18 Indian sailors trapped after submarine blast
Updated: 2013-08-14 14:39
(Agencies)
|
||||||||
A man watches Indian Navy submarine INS Sindhurakshak on fire in Mumbai August 13, 2013. [Photo/Agencies] |
MUMBAI - Eighteen Indian sailors were trapped after an explosion and fire on board a conventionally powered Indian submarine berthed at the coastal city of Mumbai early on Wednesday, the navy said.
"There are some people who are trapped on board, we are in the process of trying to rescue them," said navy spokesman P.V.S. Satish. "We will not give up until we get to them."
The explosion just after midnight inside the kilo-class INS Sindhurakshak was likely an accident, but an investigation was under way to establish the cause, Satish said.
The accident comes in the same week as India launched a locally built aircraft carrier due for completion in 2017, and announced that the reactor on India's first home-built nuclear submarine was now operational.
"The Sindhurakshak today is perhaps the worst accident that the Indian navy's submarine arm has ever had," said defence expert and former commodore Uday Bhaskar, adding that it "takes some of the sheen away" from the navy's latest achievements.
India's navy has had far fewer accidents than the air force,
dogged for years by crashes of Russian-made MiG-21 fighters.
However, the country's fleet of 14 submarines is in urgent need of modernisation, and the INS Sindhurakshak had returned just a few months ago from a 2-1/2 year upgrade at a Russian shipyard.
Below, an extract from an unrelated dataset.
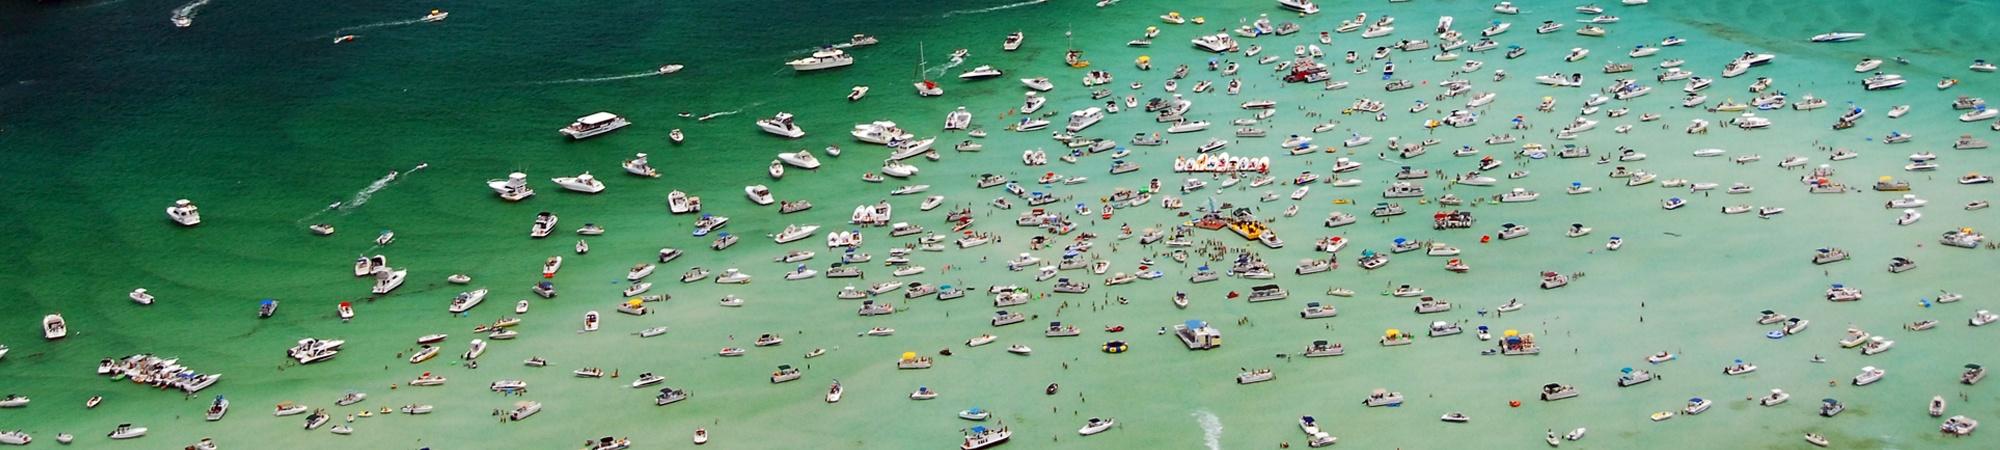 Crab Island Destin FL.

Satish said the submarine fleet had an "impeccable" safety track record, though media reports said there was an explosion on the same vessel in 2010 that killed a crew member.
Photos distributed by social media users appeared to show a large fireball over the navy dock where the diesel-electric submarine was berthed.
"There was a loud explosion post midnight and I woke up," said Dharmendra Jaiswal, who manages a public toilet opposite the naval dockyard. "I could see the skyline was bright and I could make out that some fire or blast had occurred inside."
The vessel, which was fully operational with weapons on board, was half-submerged after the fire. A team of navy divers was mobilised to search for survivors and 16 fire tenders were brought in to put out the blaze, local media said.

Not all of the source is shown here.